Get Carter

Get Carter is not to be confused with Coach Carter, John Carter or the 2000 remake starring Sylvester Stallone, to whom the film’s misogynistic violence probably came quite naturally. Allegedly.

Like a Western set in Newcastle (a Northeastern?), this stripped-down (ahem) revenge thriller follows Michael Caine as he returns to his hometown to find and kill the man who murdered his brother. Hang on, Michael Caine is from Newcastle? Did he learn to talk by watching Oliver Twist or something?

Bleak, terse and violent, Mike Hodges’ 1971 picture helped usher in a new age of gritty British films. The ’60s were over and cinema was coming to terms with the nation’s harsh, industrial reality. Get Carter makes solid use of this coal-blackened landscape in its moody cinematography and realistic chase sequences. 

Caine’s sharp-dressing, womanising, card-playing antics mean that Get Carter can also be read as a kind of nihilistic version of a Bond film (James Bloody Bond, as he might call it), bringing to the surface that franchise’s unsavoury subtext. The only difference between him and Bond is a government-sanctioned licence to go around sleeping with, punching and killing women.

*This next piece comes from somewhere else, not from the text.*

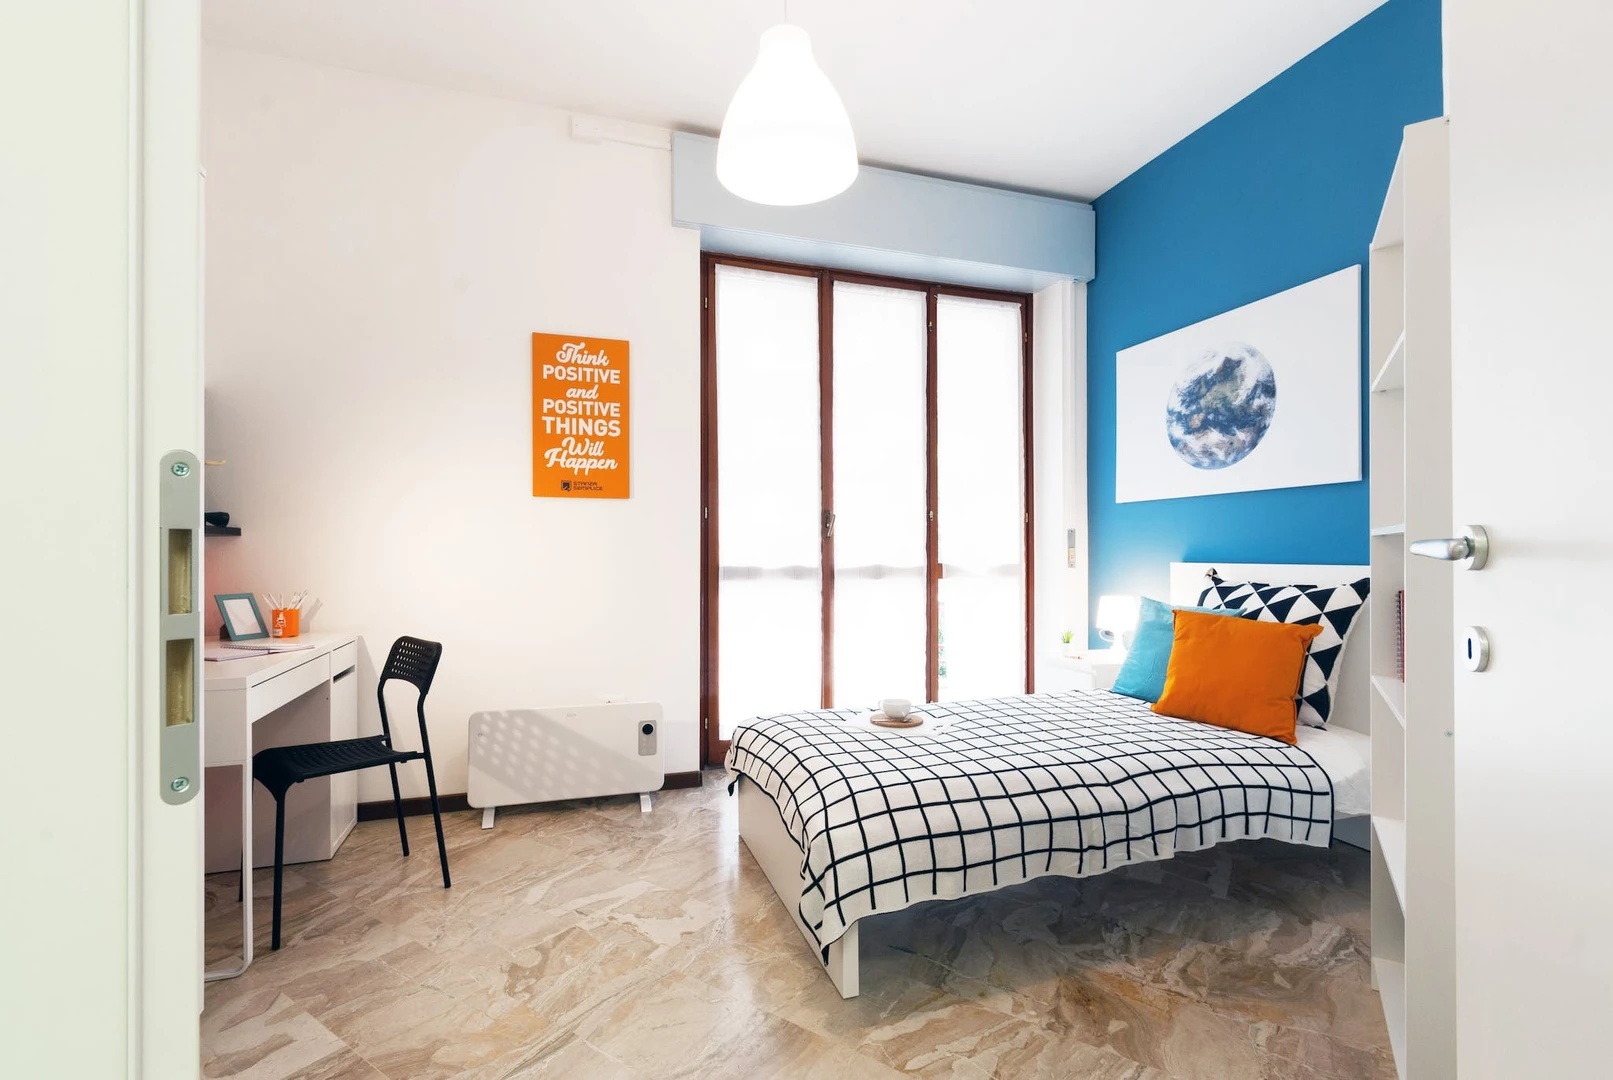 Alquiler de habitación en piso compartido en Bergamo
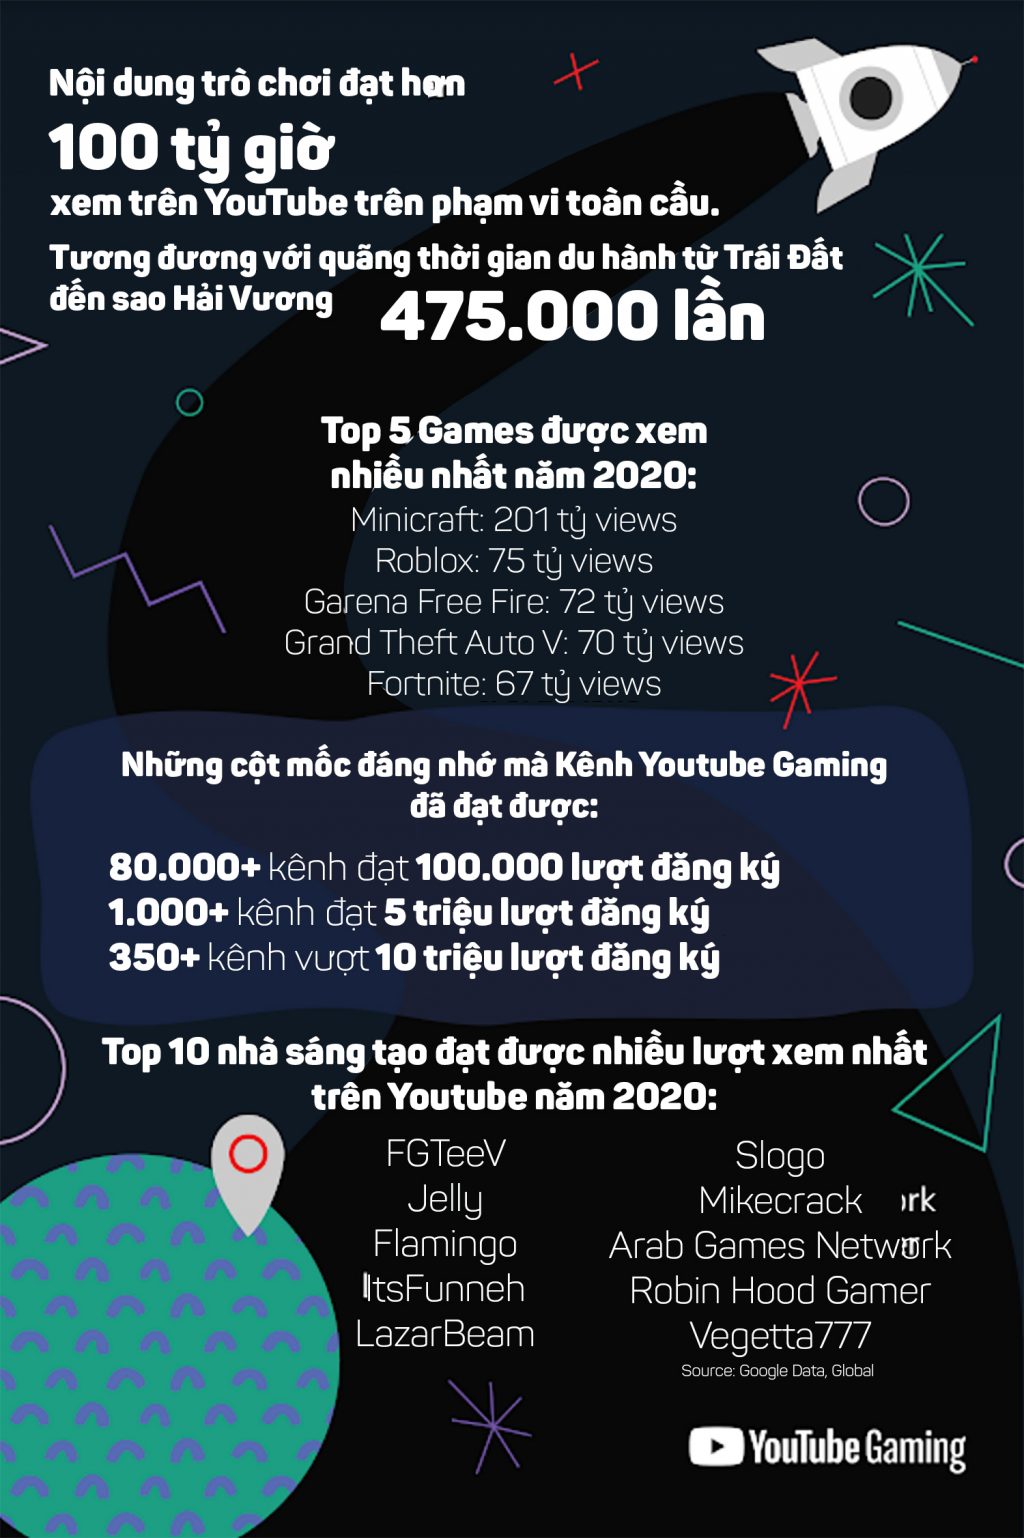 YouTube Gaming đạt hơn 100 tỷ giờ xem năm 2020: Sự trỗi dậy mạnh mẽ của văn hóa chơi game

For all his iconic presence Caine is a one-note actor, making this a bit like watching a latter-day Arnold Schwarzenegger performance. His Jack Carter is a stone-cold psychopath with the same initials as Jesus, but presumably the only Bible passage he’s read is the one where Christ lets a prostitute dry his feet with her hair.

Although it lacks the intelligence of Brighton Rock or Touch of Evil, Get Carter still makes an impact through its new wave sensibilities, Roy Budd soundtrack and striking sense of place. Plus John Osborne and Britt Eckland are in it, preserving the movie’s iconic status in cold, hard cement.

This makes Get Carter a stark slice of British nihilism and an apparent favourite of both Tarantino and Kubrick, while Shane Meadows’ Dead Man’s Shoes feels like such a spiritual sequel that he should have called it Wear Carter, Fly.